Este juicio se produjo contra 11 mujeres acusadas de prácticas abortivas. Eran residentes de Basauri (Vizcaya), con edades comprendidas entre 22 y 45 años. Todas son inmigrantes que llegaron a Vizcaya en busca de trabajo en los años 60. Y los hechos ocurrieron cuando los anticonceptivos no se encontraban legalizados.

Las "once de Bilbao" fueron condenadas por abortar. Eran mujeres de extracción humilde, madres de familia con varios hijos, algunos con minusvalías, con maridos en paro y una penosa situación económica. Su condena fue como un aldabonazo para una sociedad que imponía un férreo pacto de silencio sobre un problema tabú. La Coordinadora feminista inició una campaña de amnistía para las condenadas ligada al derecho al "aborto libre y gratuito". Había nacido un eslogan que colearía con fuerza hasta finales de los años noventa.

Hubo encierros y manifestaciones de apoyo. Un nutrido grupo de mujeres se encerró en el Palacio de Justicia de Madrid. El desalojo fue sin contemplaciones. Entre las mujeres que corrían huyendo de las porras de los grises, la diputada socialista Carlota Bustelo plantaba cara a los policías con una osadía inusitada.
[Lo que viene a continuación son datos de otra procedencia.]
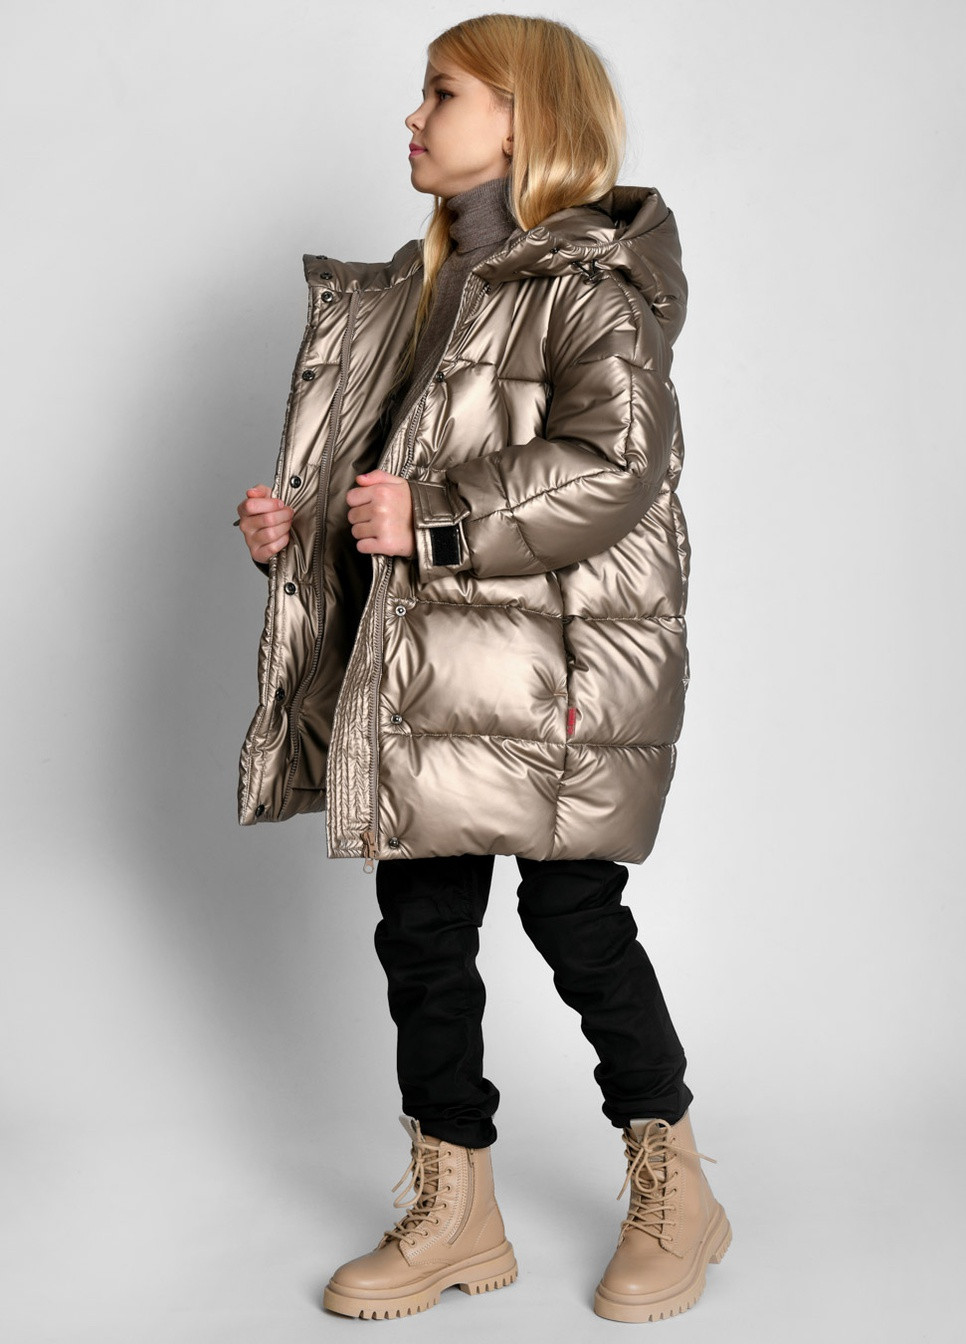 Бронзовая зимняя пуховая куртка для девочек от 6 до 17 лет X-Woyz

Imaginación no faltó. En Madrid muchos lectores de periódicos se topaban asombrados con ejemplares que llevaba el eslogan: "Amnistía once mujeres. Aborto libre". De madrugada, algunas feministas, tampón en mano, lo estampaban velozmente. Pero más sonoro, por su repercusión, fue el manifiesto en el que más de un centenar de conocidas mujeres del mundo profesional, artístico e intelectual se autoinculparon de haber abortado en una campaña sin precedentes en España.

Por primera vez, las españolas se vieron apoyadas por conocidos varones que firmaron peticiones de despenalización del aborto, o se autoinculparon de haber ayudado a realizarlo. Finalmente, las once de Bilbao fueron indultadas y el aborto salió de la conspiración del silencio.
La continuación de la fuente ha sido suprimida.